Slow and steady may win the race but many flooring distributors are frustrated by the pace of the economic recovery that continues to trudge along with growth in the low single digits.

Not every market in the U.S. is stagnant. California, particularly the San Francisco/San Jose market, is very strong, executives say. However, there are other regions that lack robust growth for various reasons. Take Florida, for example. “With the large population of retirees on fixed incomes in our state, and the concern regarding the election, people are not spending their money on big-ticket items like flooring,” said Buddy Faircloth, president of Cain & Bultman, Jacksonville, Fla., which covers all of the Sunshine State and parts of Georgia.

What many executives are experiencing is uneven and unpredictable growth, with not much consistency between months or by quarter. “Last year I said it was going to be OK, but disappointing; you could probably replay my notes from last year for this year,” said Bruce Zwicker, CEO of Glen Burnie, Md.-based Haines, the industry’s leading flooring distributor. “Last year the market grew about 3%-4% and we were all hoping for 5%. The last three years it has been less than 5%; 2013 was up 7% and it was the last year of good growth. This year it’s about 2%-3% growth. The first quarter was very strong—above 4% but still less than 5%, but we were happy. The second quarter was not as strong.”

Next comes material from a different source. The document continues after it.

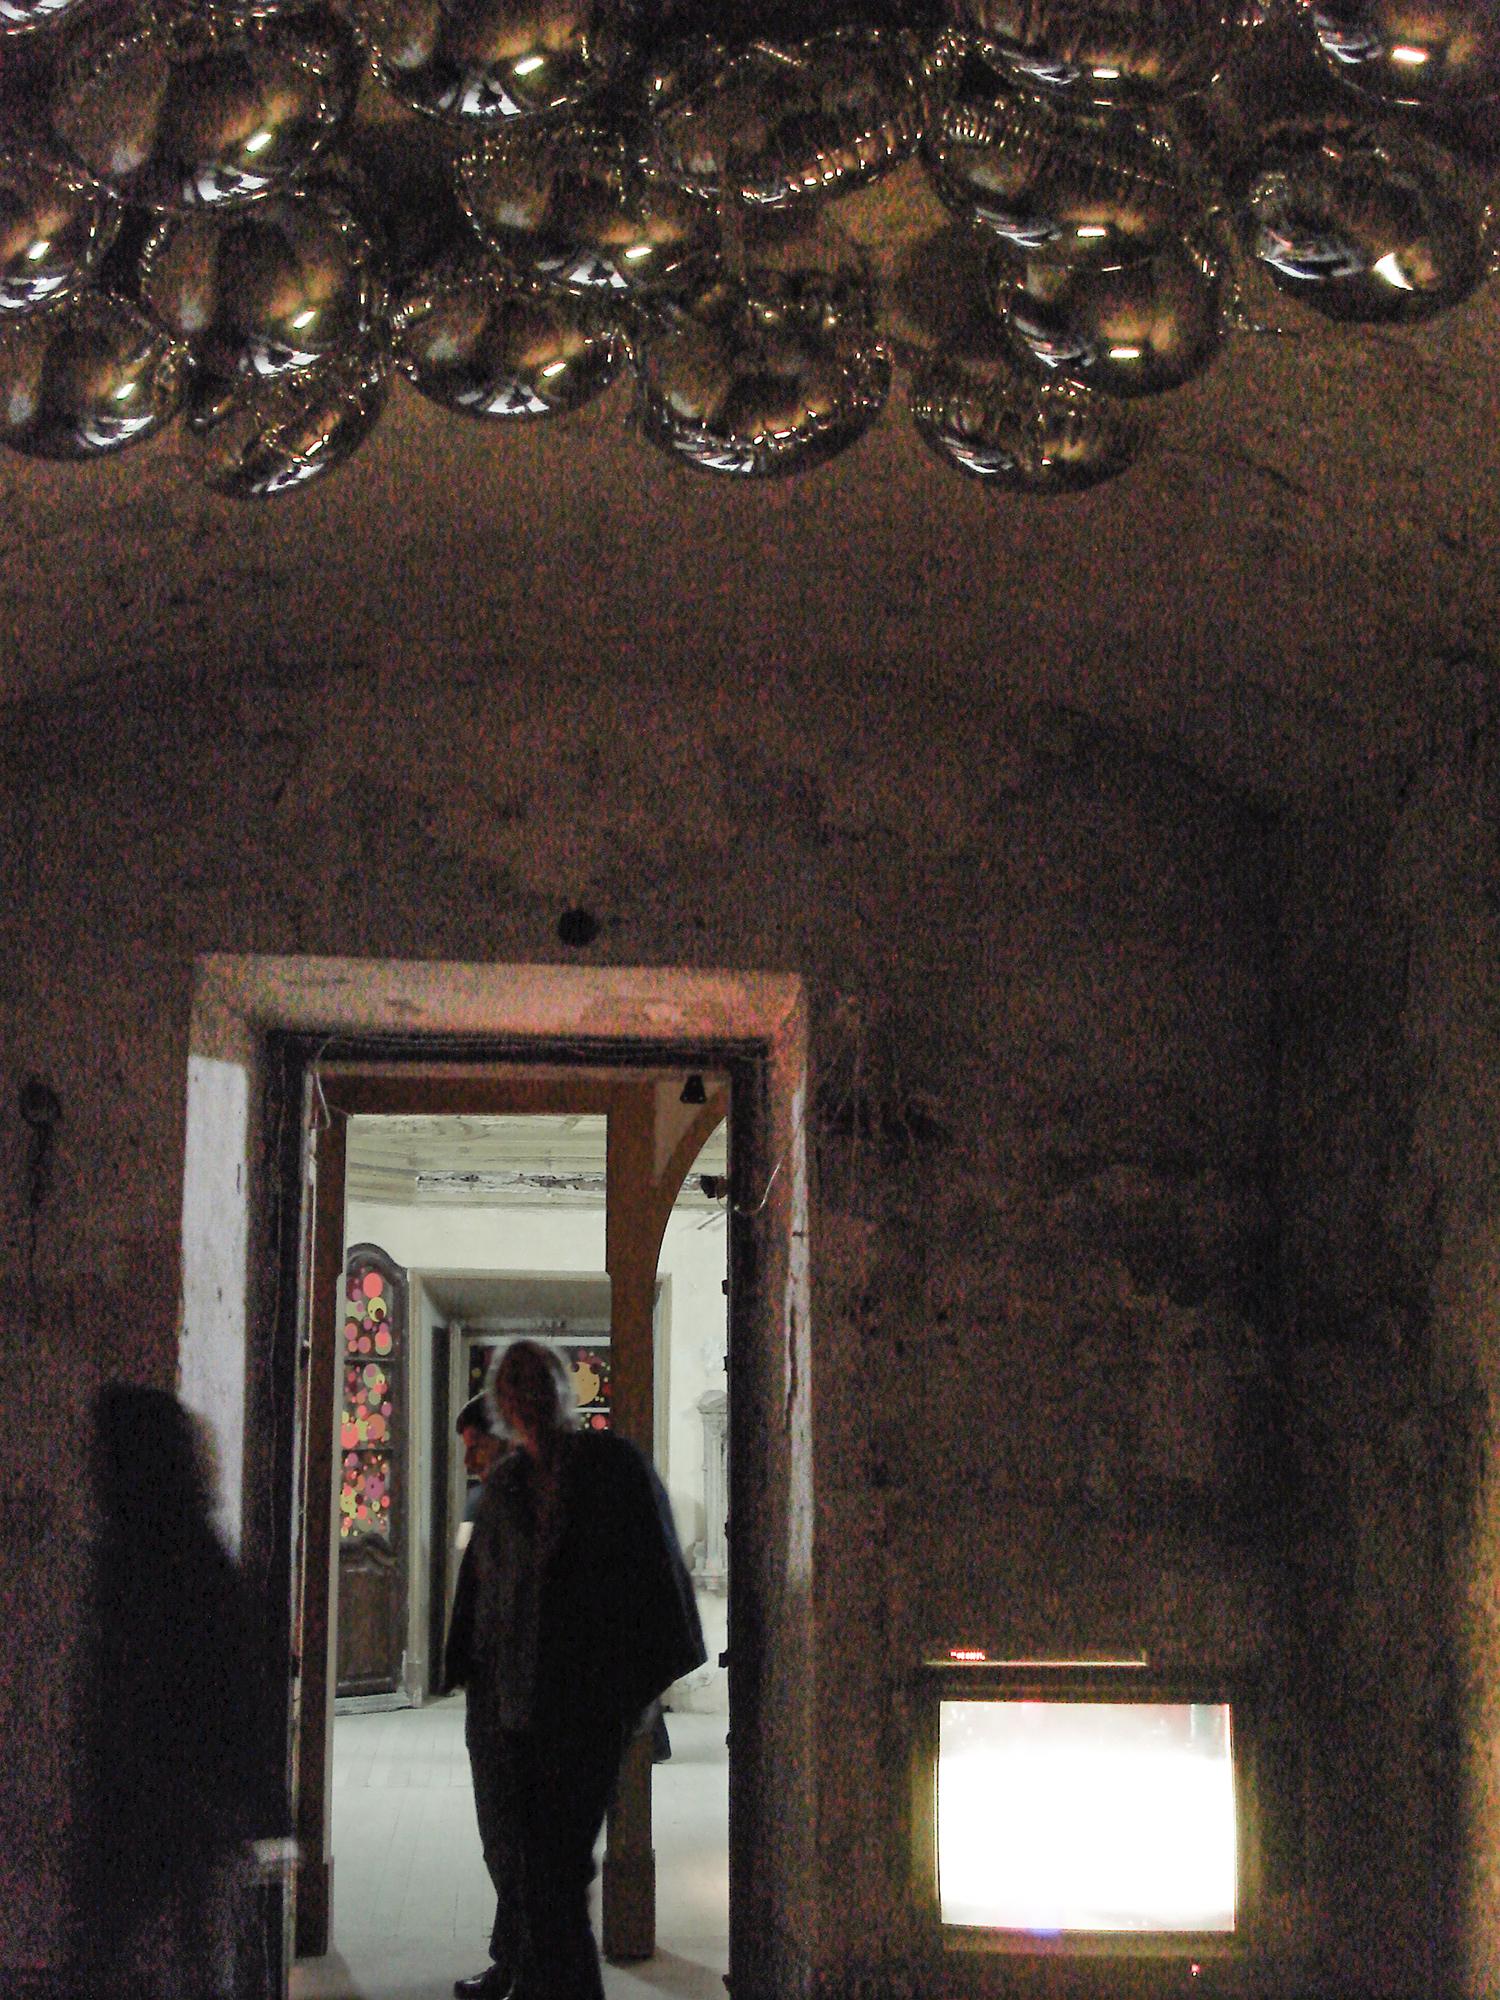 Entre Tempos  :group show at  Carpe Diem Arte e Pesquisa cultural center in  Lisbon, Portugal, September through November 2009.  Coordination Albano Afonso and Sandra Cinto. Curatorship by Paulo Reis.  Work shown: Entretempos.

On the West Coast, Jeff Hamar, president of Galleher, Santa Fe Springs, Calif., said his business has been growing briskly for the past few years, but he recognizes that is not the case for everyone. “For three years it hasn’t been what people expected. If you talk to the big guys no one is lighting the world on fire.”

Some leading economists—including Larry Summers, former Treasury Secretary and now Harvard economics professor—suggest we are in the midst of a phenomenon called “secular stagnation,” which refers to a condition of negligible or no economic growth in a market-based economy.

Hamar, for one, hopes this slow growth is not the new world order. “It doesn’t have to be but it might be,” he said. “The regulatory environment, the tax on capital gains, the slow-growth economy compresses wage inflation. Until you have 3%-4% economic growth you won’t see the economy take off.”

Where the market is strong is at the very high end, which in Northern California means homes valued at $2 million and above. “There is so much tech money out here it’s just unbelievable, so much Facebook and Google money—thousands of millionaires,” Hamar said. “It costs $3,500 a month to rent a studio in San Francisco. A $1 million home in Silicon Valley will get you 1,100 square feet for a house built in the ’50s that hasn’t been redone. Crazy.”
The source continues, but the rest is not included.